Shakespeare, literary criticism, reading

I took myself out to Barnes & Noble today for a floofy coffee drink and the pleasure of wandering around a bookstore.

I stumbled on Greenblatt’s Will in the World, and talked myself out of buying it because I’ve recently read one biography of Shakespeare and I’m only partway into a second. I flipped through it anyway and read the preface. I also stumbled on Shakespeare by Michael Wood, and sat down with my grande java chip to read through his chapter on 1605 and the Gunpowder Plot.

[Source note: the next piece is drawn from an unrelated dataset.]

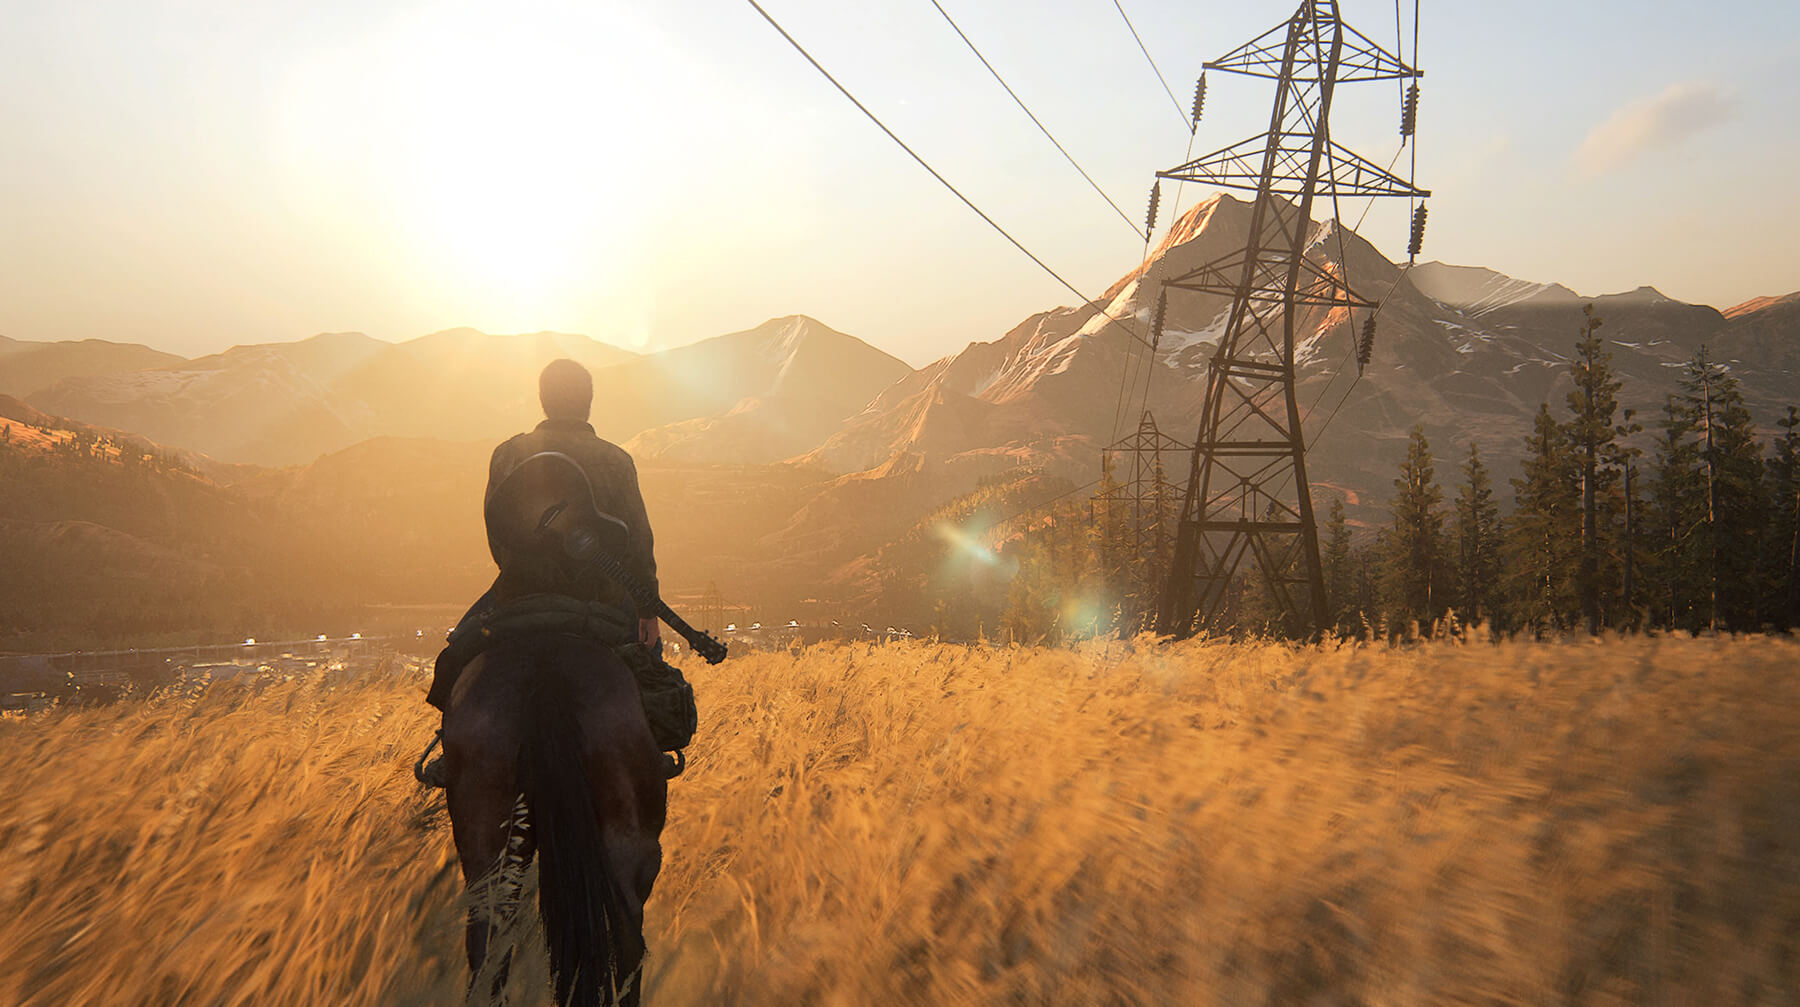 Ellie rides on horseback over a golden field with mountains in the background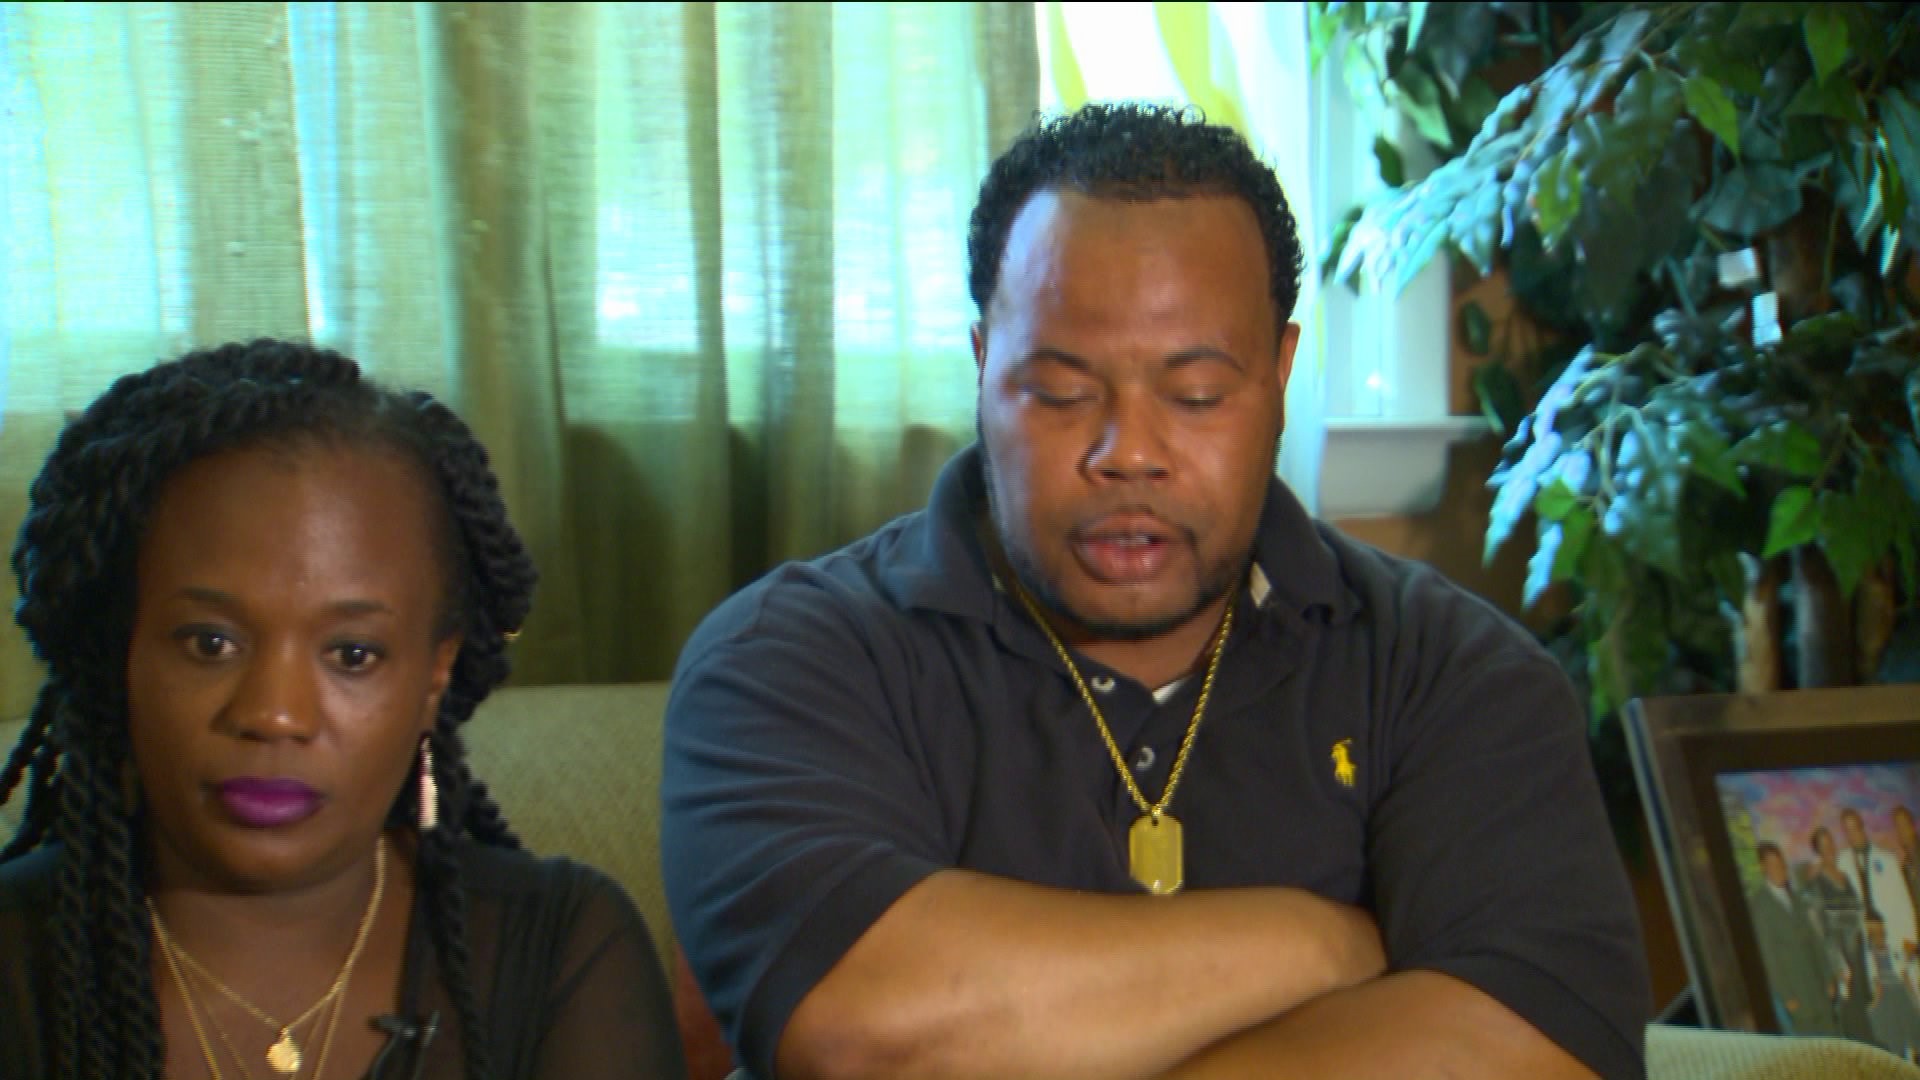 Family says they were a subject to racism

As an American, I have only the dimmest understanding of the Gunpowder Plot, and much of my information comes from V for Vendetta. I also didn’t realize that, as Wood outlines, King Lear was completed after November 1605, and Macbeth was written in 1606, which I imagine felt much like 2002 did for Americans. Wood placed Macbeth in the midst of “Gunpowder Plays”, which were popular at the time, and pointed out allusions to three of the plotters in the Porter’s speech: the tailor, the equivocator, and the farmer each have contemporary references. The witches, of course, also played to James I’s obsession with witchcraft. In this light, Macbeth is an incredibly topical play. Wood also speculates that the play as we have it is only part of what Shakespeare wrote, because it’s so short and it lacks the usual parallel plot.

I didn’t buy the book and didn’t take any notes on the chapter, so that’s all the info I have on the subject. Both Will in the World and Shakespeare are now on my wish list, the former because Greenblatt wrote it and the latter for the Gunpowder Plot chapter and its glossy color pictures.